No easy(!) way of having head-to-head price comparison of specific food items between different shops on specific day/period. Why it is so?
Big local stores and supermarkets have their promotional brochures/leaflets in paper and digital forms:
- paper brochures/leaflets which are distributed into physical mailboxes of citizens as well as those leaflets are present inside stores near entrance
- proprietary mobile apps and websites of specific store/supermarket
- 'aggregational' mobile app and website "Moja Gazetka" with leaflets of many stores/supermarkets
The latter option is so far the best 'cause we have many leaflets with prices in one place.
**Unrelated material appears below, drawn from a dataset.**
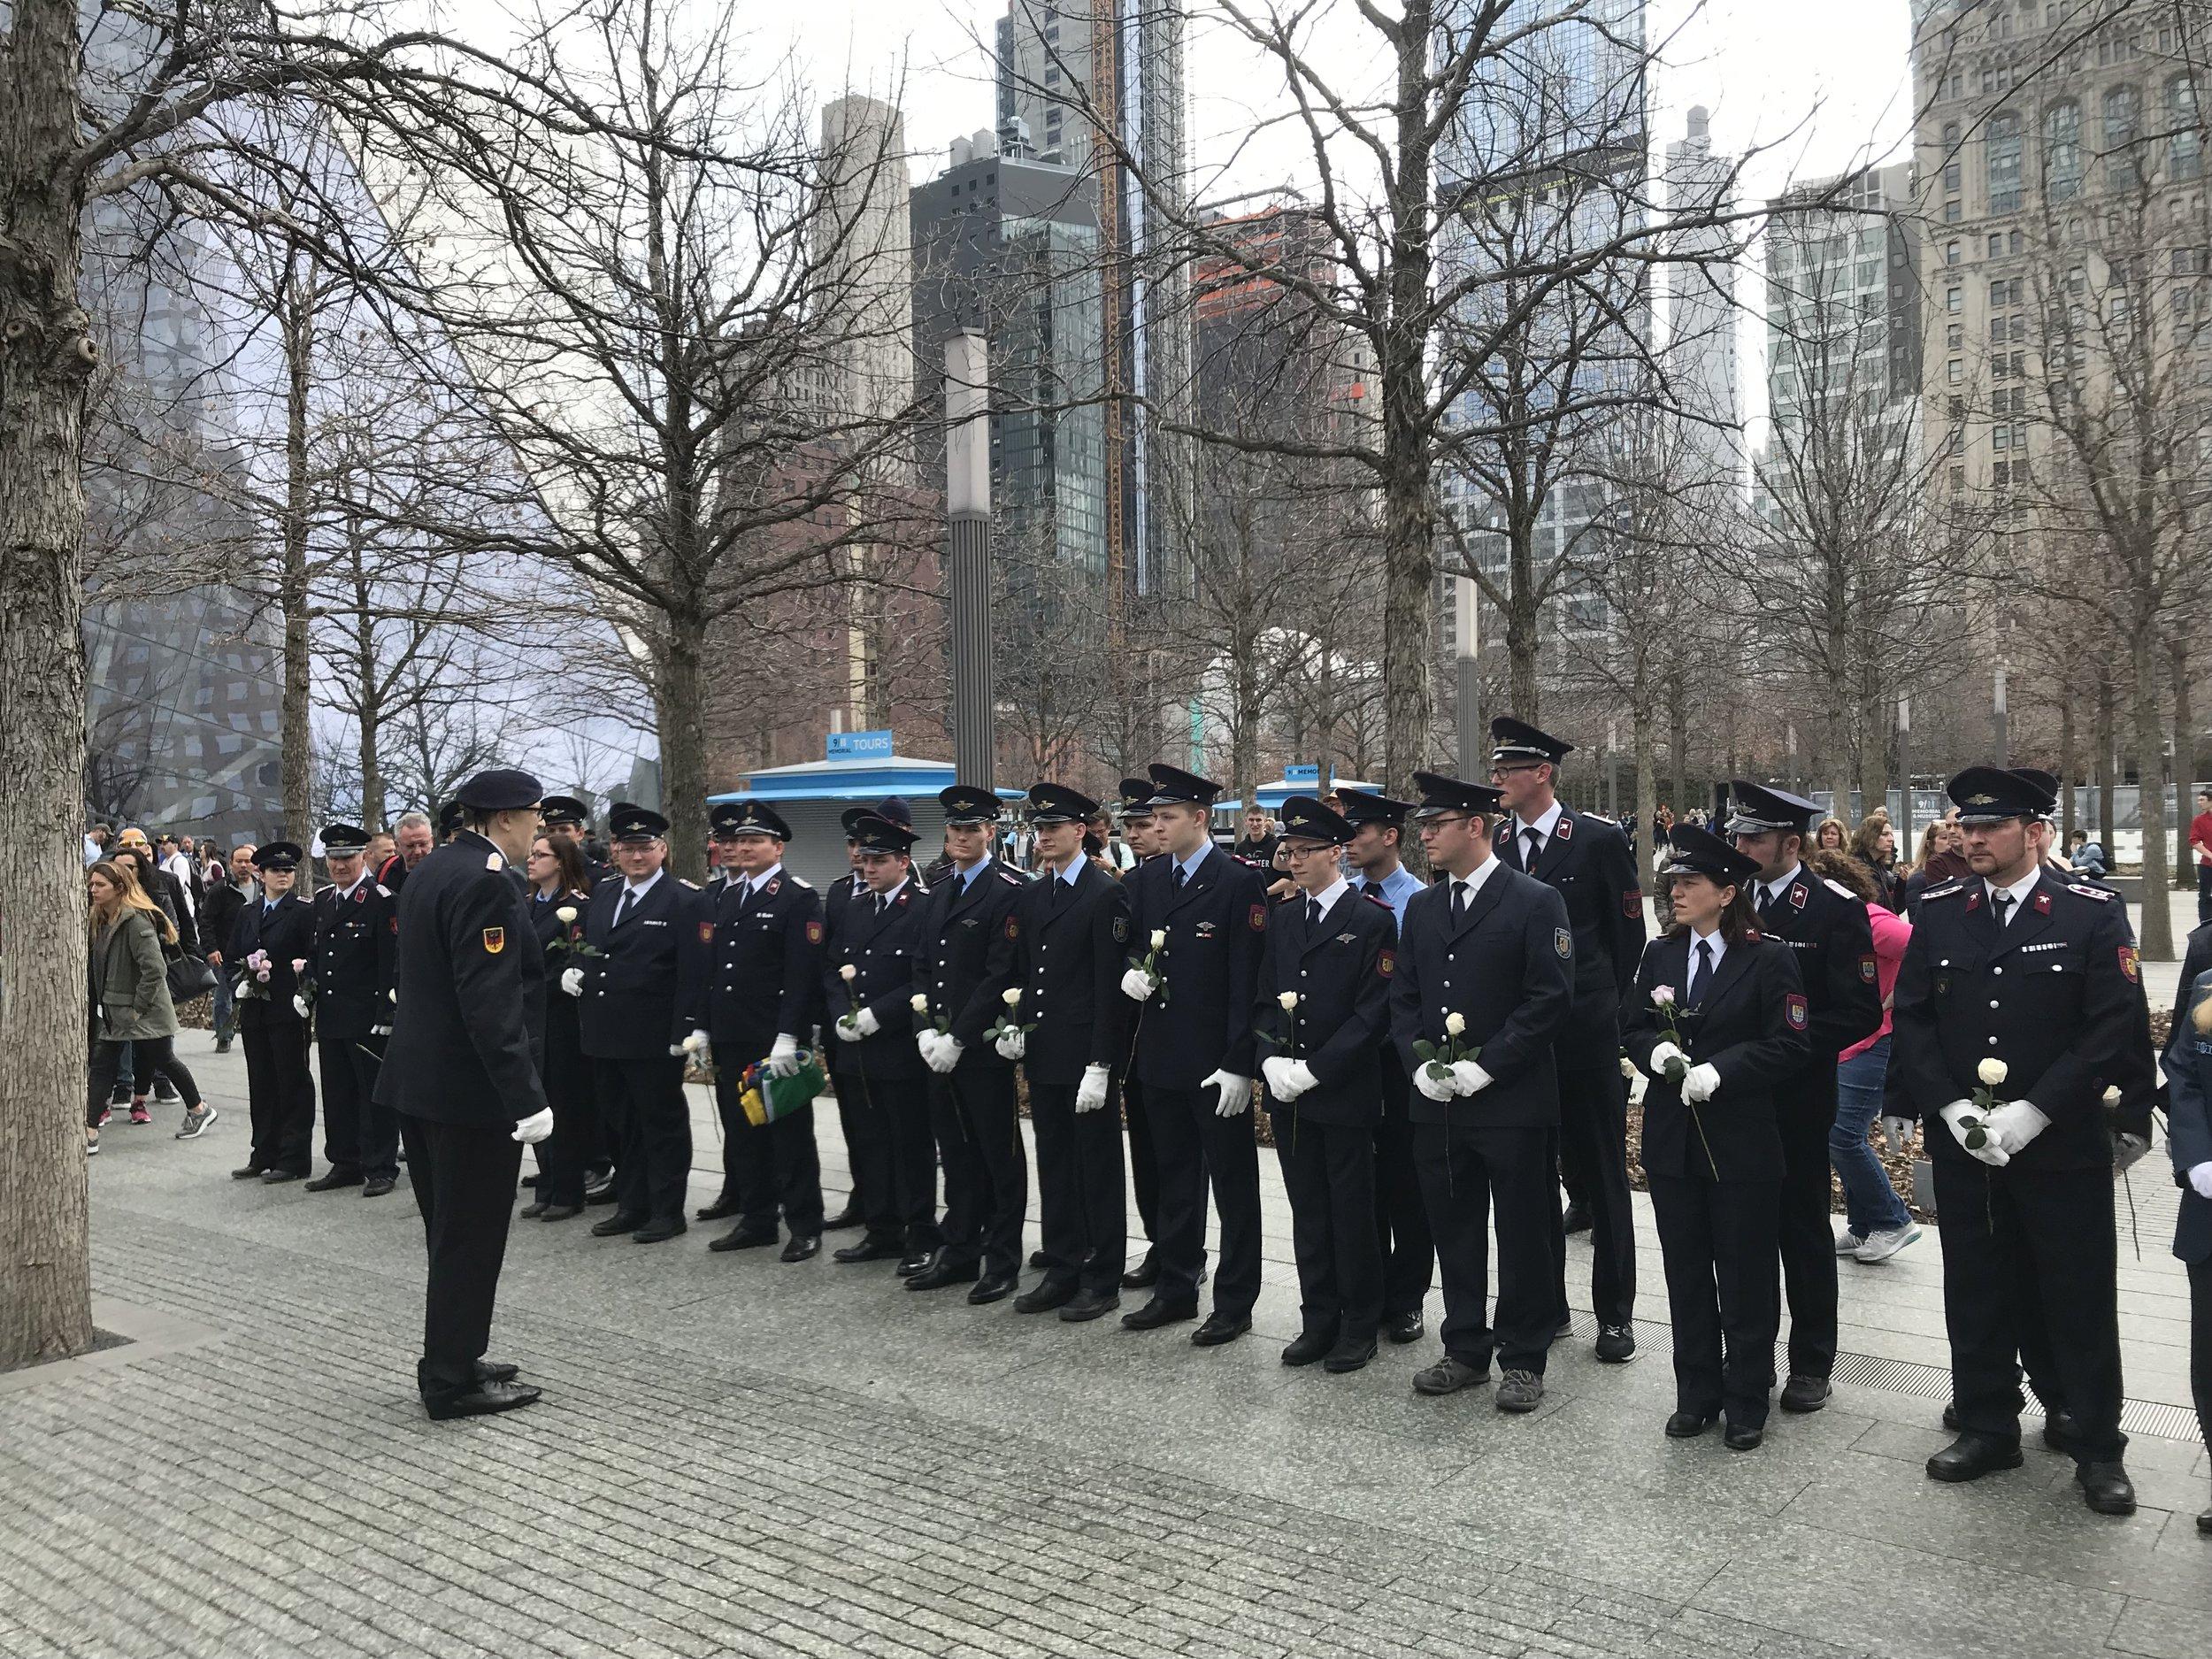 Schweigeminute für gefallene Kameraden vor dem 9/11 Memorial am Ground Zero  📸: Juergen Rudolph

But the main inconvenience of using those leaflets (either paper or digital) is that leaflets are maid as carousel of HTML pages - aka paper journal or flip book. Those pages include photos, price tags with prev/new prices, for what unit/pcs that price is, etc. Examples: link1, link2, link3
As a customer I want to have convenient "single source of truth" - one web/mobile app which helps me to buy goods cheaply whenever I go shopping.
The questions that must be answered and solved are:
- how to easily get/grab these prices and items names so we can have a list of all items that are promoted on specific dates (usually, its 2-3 days or 1 week)?
- how to parse/collect data from many webpages?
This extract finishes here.